Across the country, the average price for diesel fuel remained steady for two weeks in a row; however, the U.S. Energy Information Administration reports that the average price has jumped 11.6 cents from this past week’s numbers.

The national average diesel price was reported at $3.396 on Feb. 19, up from $3.280, which had held steady for the past two weeks. On average, cost for a gallon of fuel is still up 90.5 cents per gallon from a year ago.

The average price for ultra-low sulfur diesel increased 11.4 cents, while the average price for low-sulfur diesel jumped 13.2 cents in a week’s time.

The New England region still continues to have the highest average price of fuel at $3.588, but the region didn’t experience nearly the same increase per gallon – up 4.6 cents – as many of the other regions in the U.S.

Every region noticed an increase in the price of ultra-low sulfur diesel, with the most significant increase being in the Gulf Coast region, which went from $3.241 last week to $3.370, an increase of 12.9 cents.
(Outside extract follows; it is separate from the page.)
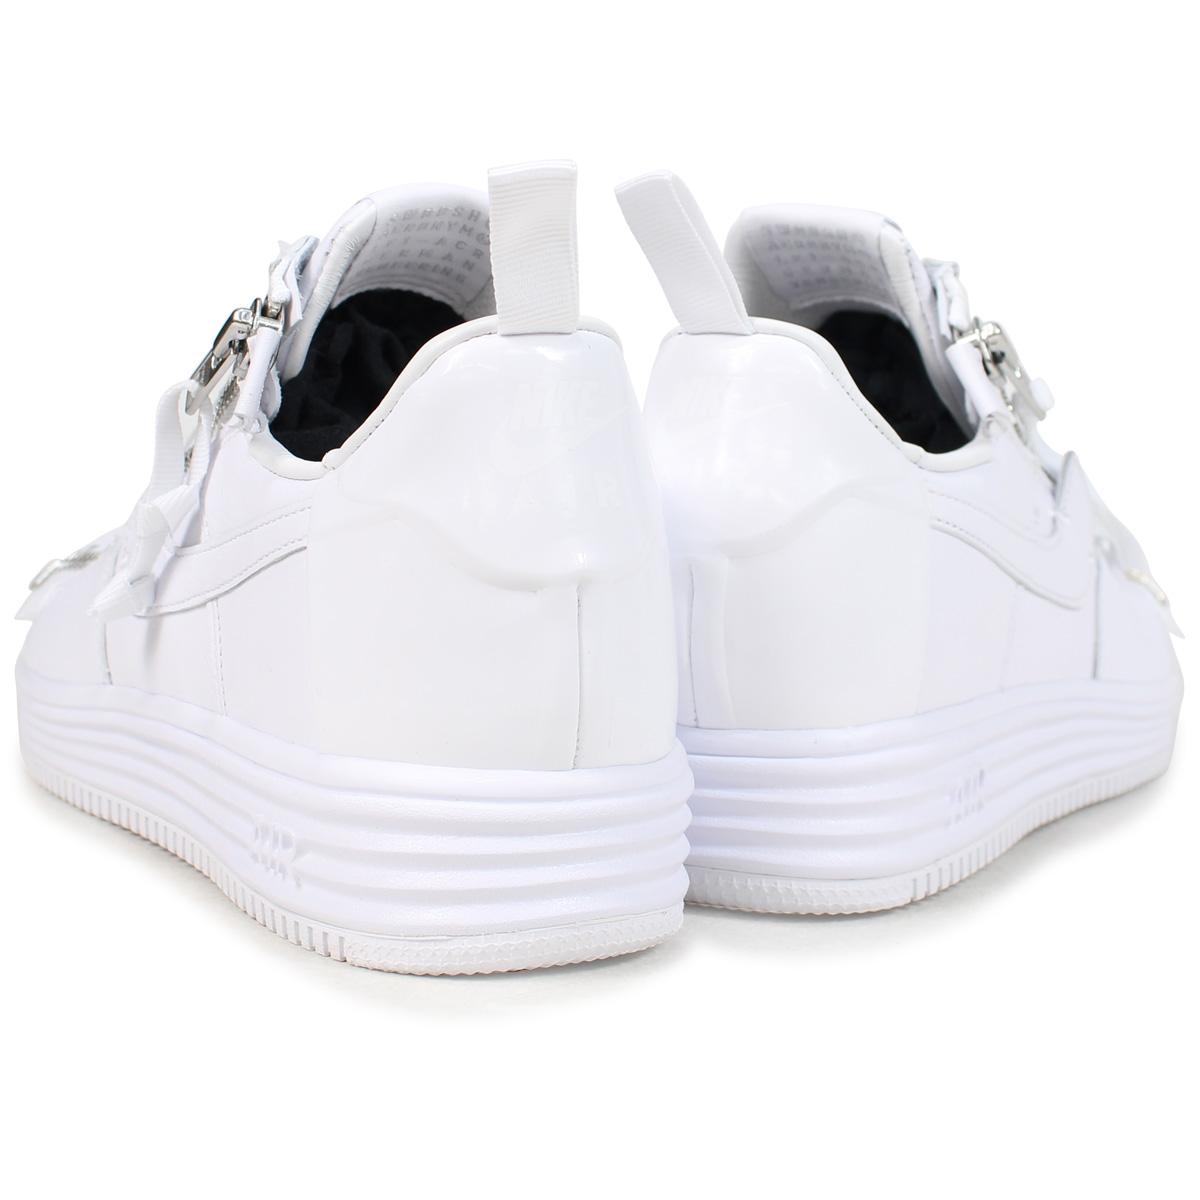 outlet store 911dc 6dbfb ... shop nike lunar force 1 acronym 17 nike luna force 1 sneakers men aj6247  100 white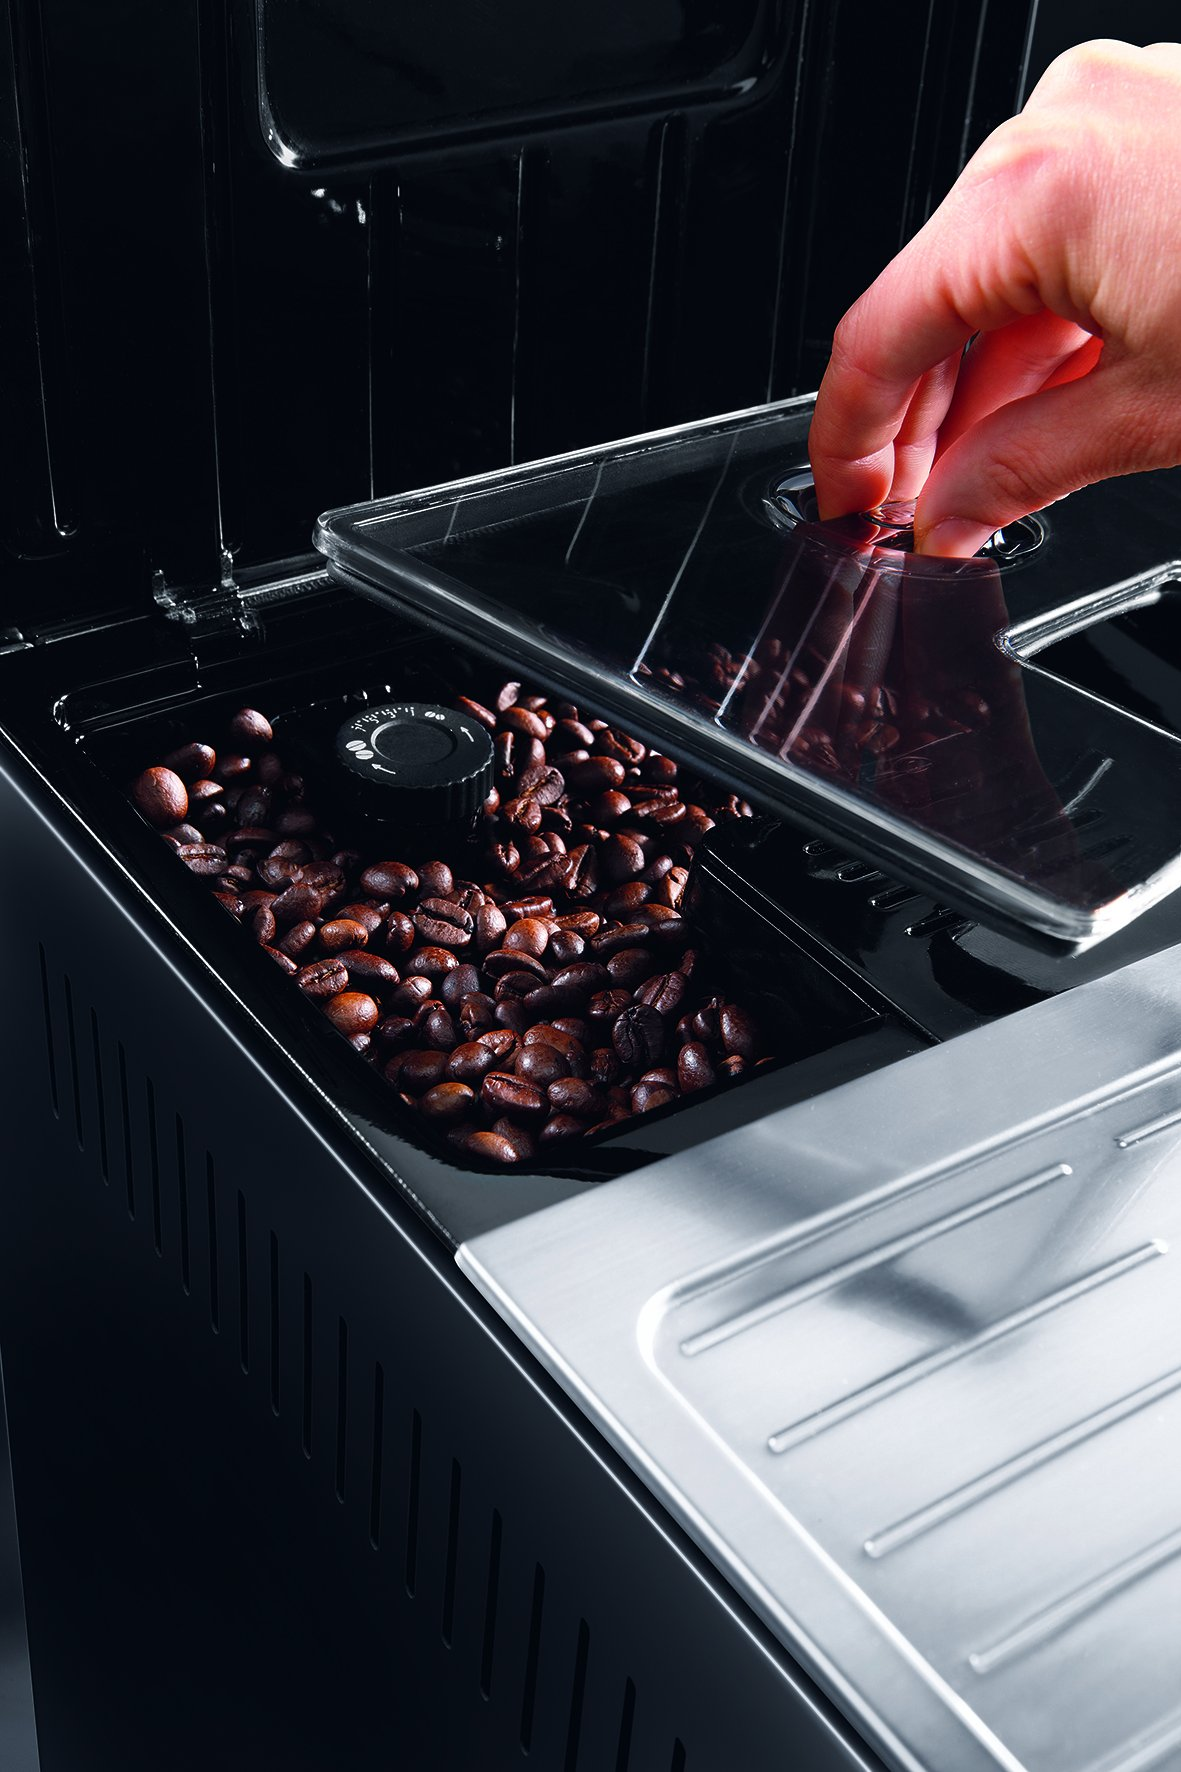 DeLonghi-PrimaDonna-S-ECAM-28466MB-Kaffeevollautomat-Digitaldisplay-integriertes-Milchsystem-Lieblingsgetrnke-auf-Knopfdruck-Edelstahlfront-2-Tassen-Funktion-Edelstahlfront-silber

The Lower Atlantic Region experienced the second highest increase, up 12.5 cents from the previous week. California came in with the third highest fuel price increase, up 11.8 cents from a week ago.

The Central Atlantic jumped 11.6 cents to $3.534, while the East Coast region increased 11.5 cents to $3.459 from $3.344 a week ago. In the Midwest region, the cost per gallon increased 11.3 cents to $3.377, while the West Coast region showed an increase of 10.5 cents from $3.357 to $3.462.

If you are heading out west, you might want to fuel up in the Rocky Mountain region, which increased only 8.4 cents per gallon from $2.269 to $3.353, as compared to the 11- and 12-cent increases per gallon in other regions this week.

The cost for crude oil rose to $96.15 per barrel, according to the New York Mercantile Exchange. This is an increase of more than $5 per barrel from the previous week’s average.